# Famous comedian George Carlins New Rules 06



## ppko (Feb 24, 2006)

Famous comedian George Carlin's new rules for 2006

New Rule: Stop giving me that pop-up ad for classmates.com!
There's a reason you don't talk to people for 25 years. Because you
don't particularly like them! Besides, I already know what the captain
of the football team is doing these days: mowing my lawn. 

New Rule: Don't eat anything that's served to you out a window
unless you're a seagull. People are acting all shocked that a human
finger was found in a bowl of Wendy's chili. Hey, it cost less than a
dollar. What did you expect it to contain? Trout? 

New Rule: Stop saying that teenage boys who have sex with their
hot, blonde teachers are permanently damaged. I have a better
description for these kids: lucky bastards. 

New Rule: If you need to shave and you still collect baseball
cards, you're a dope. If you're a kid, the cards are keepsakes of your
idols.
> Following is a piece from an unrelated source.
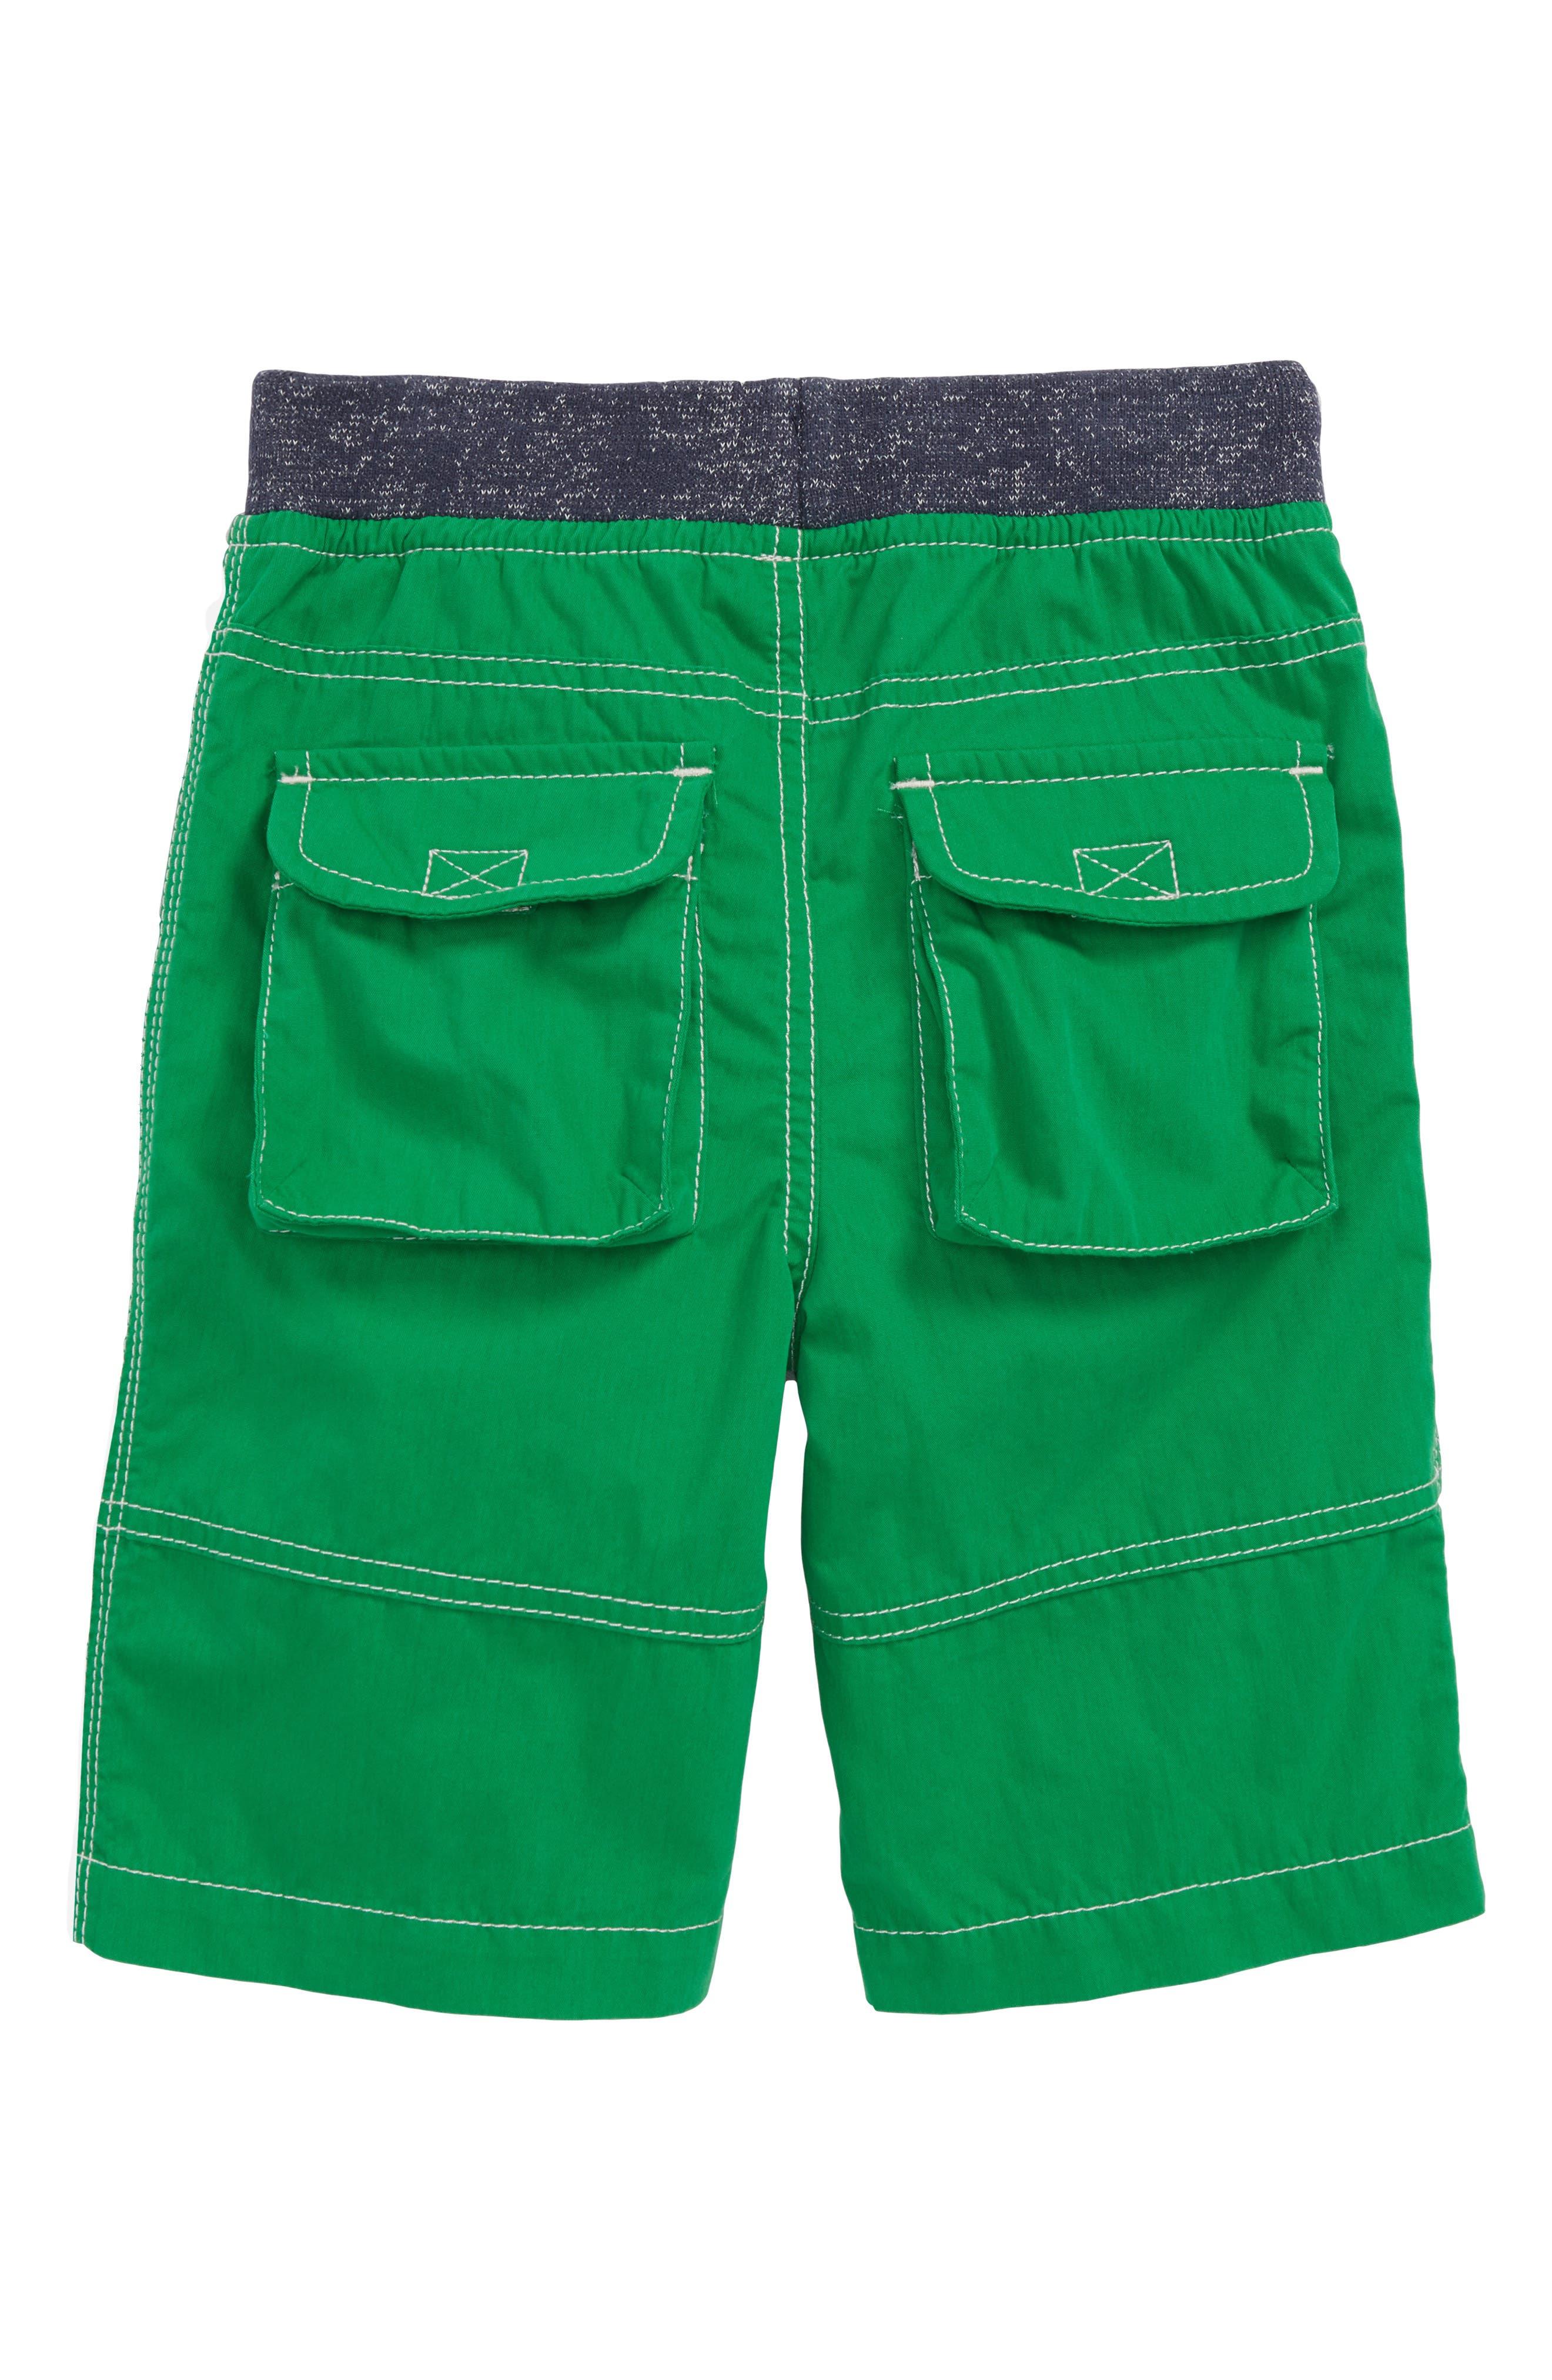 Adventure Shorts,                             Alternate thumbnail 3, color,                             Runner Bean Green

If you're a grown man, they're pictures of men. 

New Rule: Ladies, leave your eyebrows alone. Here's how much men
care about your eyebrows: do you have two of them? Okay, we're done. 

New Rule: There's no such thing as flavored water. There's a
whole aisle of this crap at the supermarket, water, but without that
watery taste! Sorry, but flavored water is called a soft drink. You
want flavored water? Pour some scotch over ice and let it melt. That's
your flavored water. 

New Rule: Stop screwing with old people. Target is introducing a
redesigned pill bottle that's square, with a bigger label. And the top
is now the bottom. And by the time grandpa figures out how to open it! ,
his *** will be in the morgue. Congratulations, Target, you just solved
the Social Security crisis. 

New Rule: The more complicated the Starbucks order, the bigger
the *******. If you walk into a Starbucks and order a "decaf grande
half-soy, half-low fat, iced vanilla, double-shot, gingerbread
cappuccino, extra dry, light ice, with one Sweet-n'-Low and one
NutraSweet," ooh, you're a huge *******. 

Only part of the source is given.